Work to complete: What you return must match the data below exactly, minus any pictures.

Provided data:
= = = =
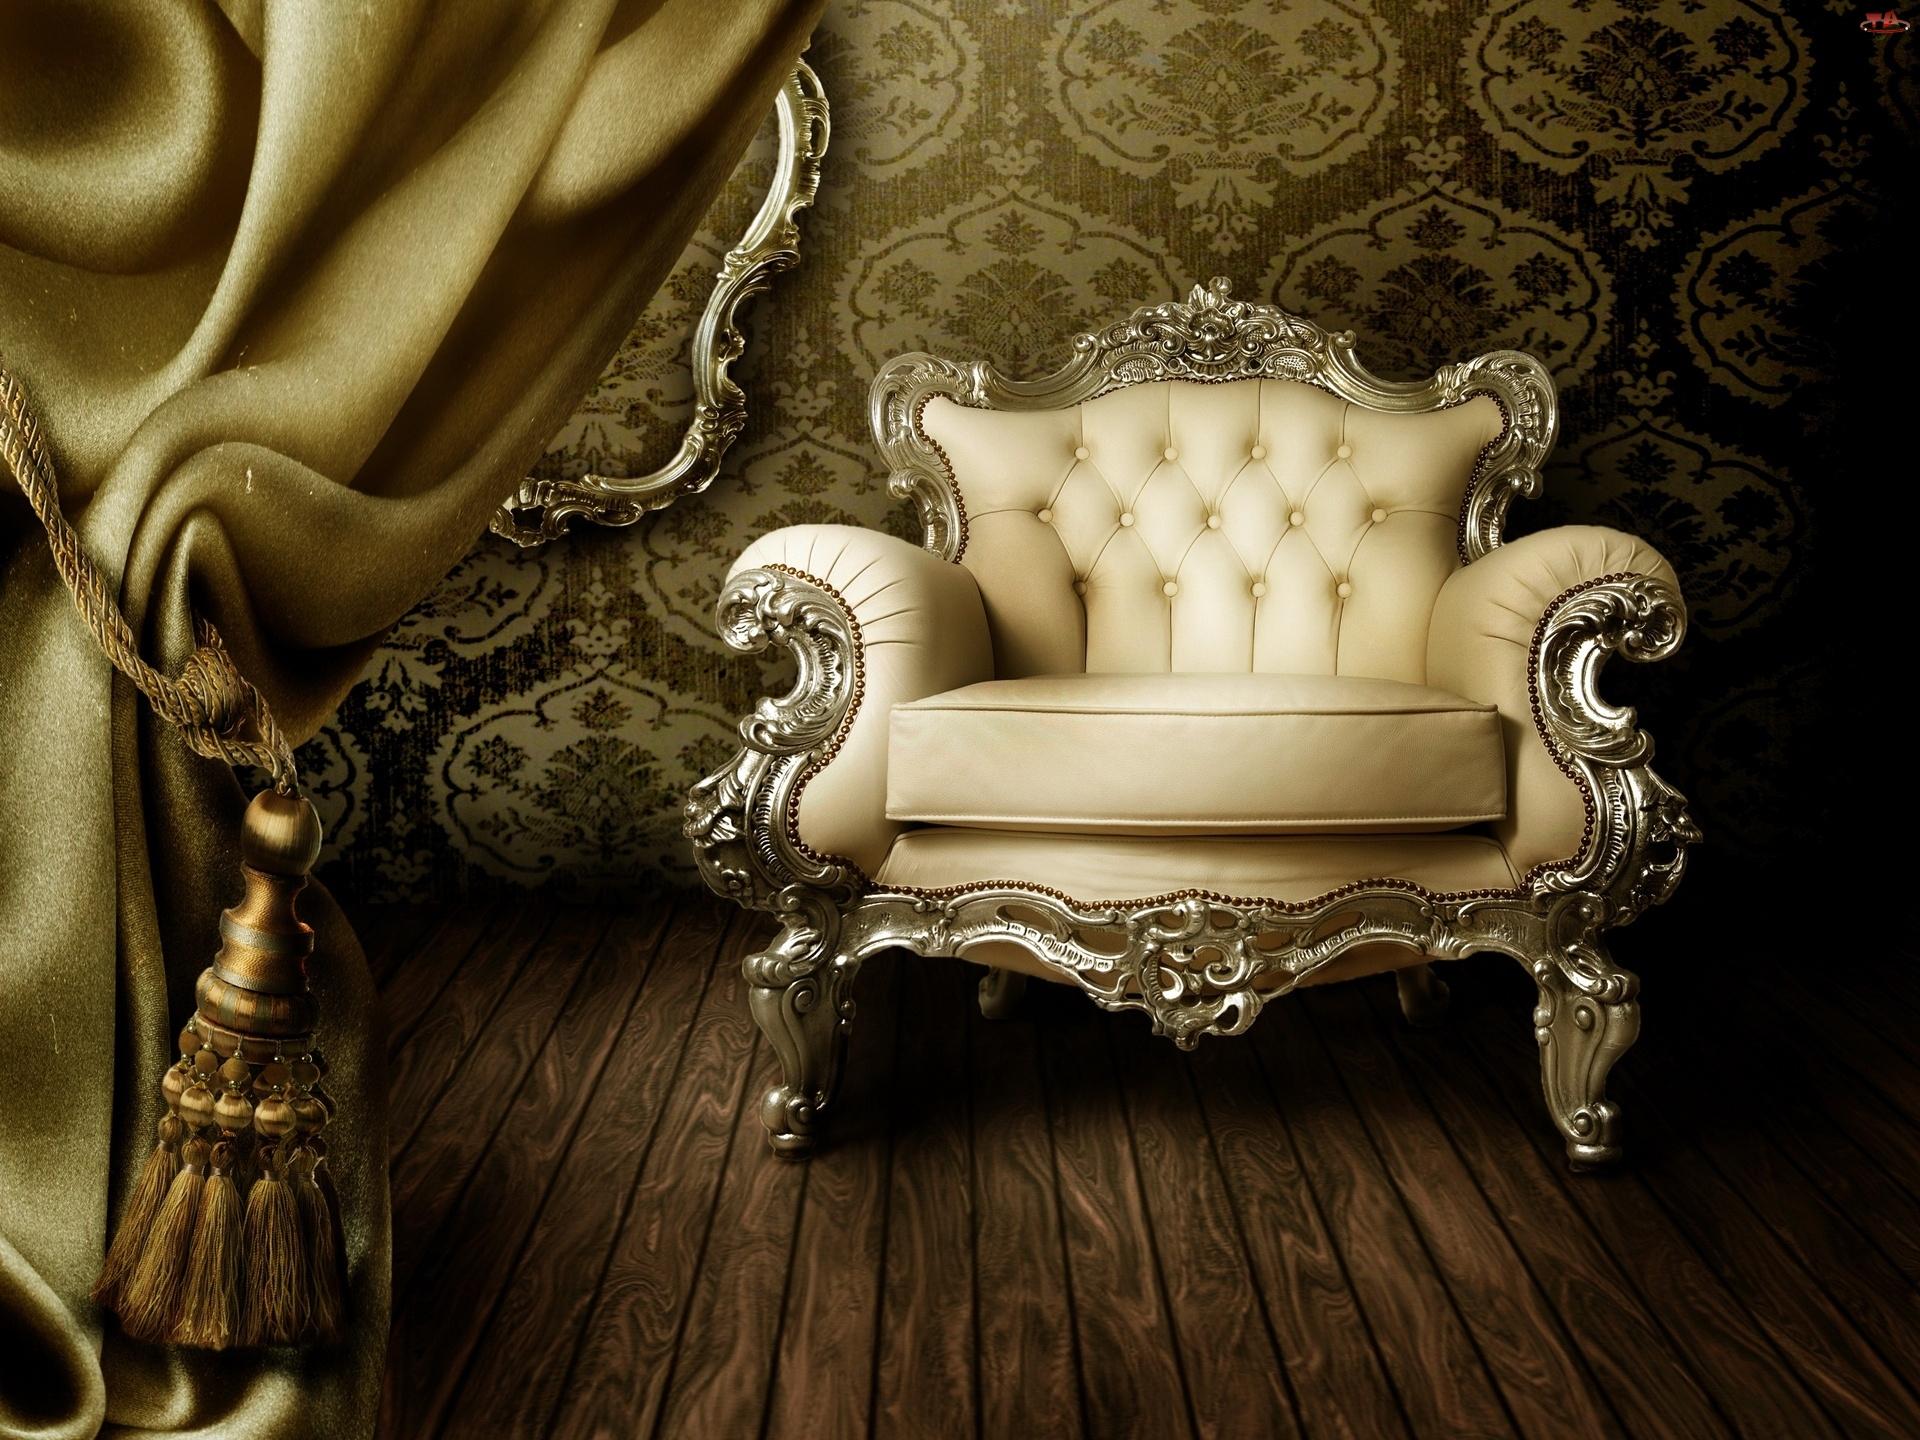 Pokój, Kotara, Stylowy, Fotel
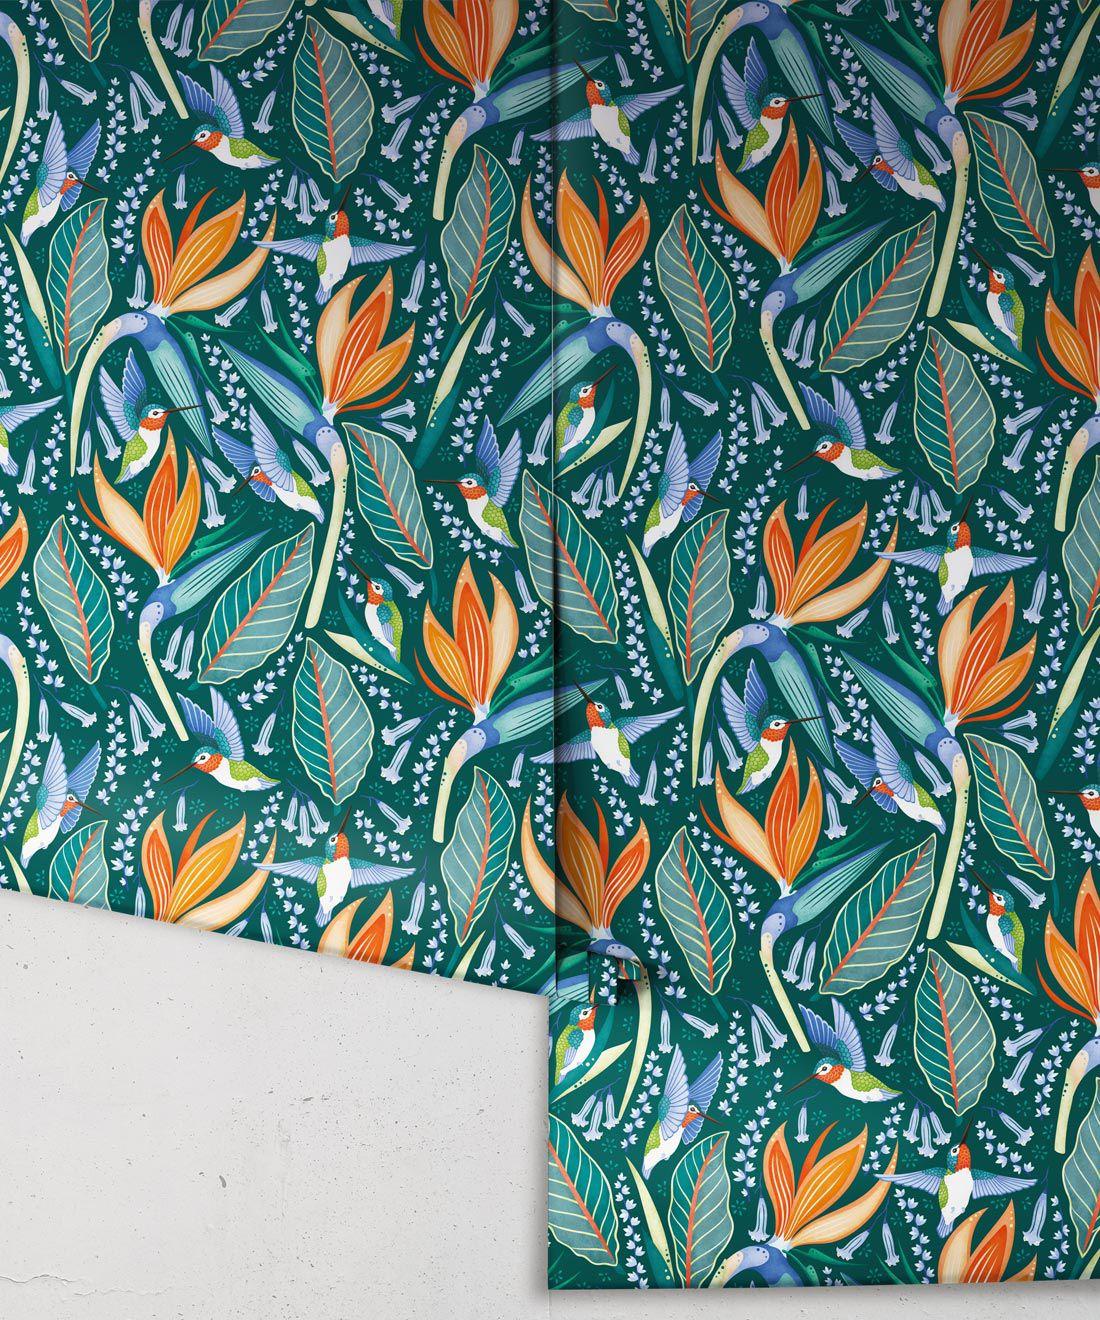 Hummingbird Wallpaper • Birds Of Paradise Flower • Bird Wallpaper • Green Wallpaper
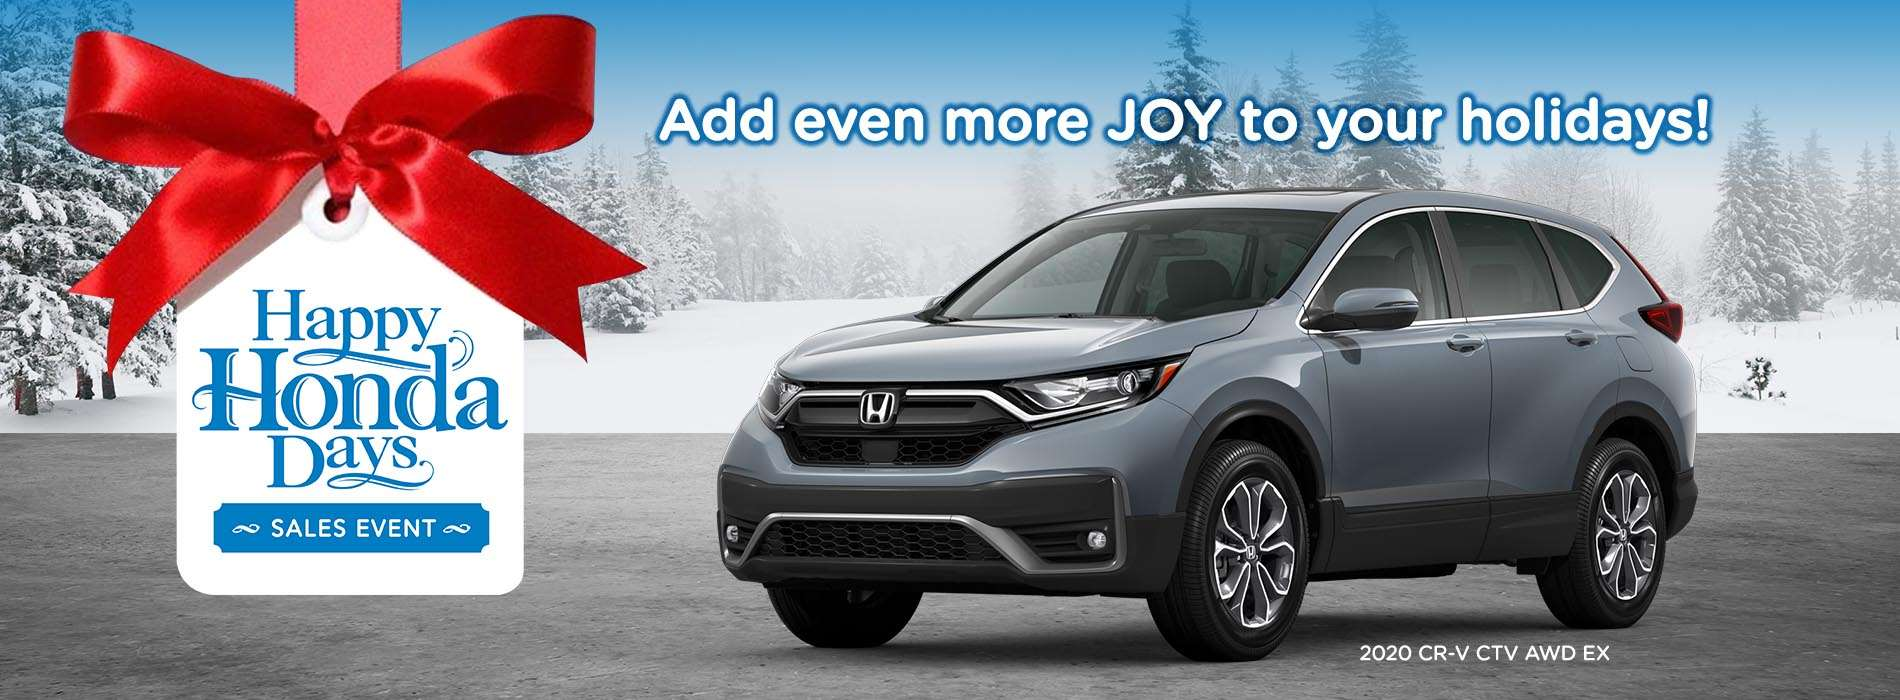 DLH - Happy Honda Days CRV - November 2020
= = = =
Exercise response:
 Pokój, Kotara, Stylowy, Fotel
 Hummingbird Wallpaper • Birds Of Paradise Flower • Bird Wallpaper • Green Wallpaper
 DLH - Happy Honda Days CRV - November 2020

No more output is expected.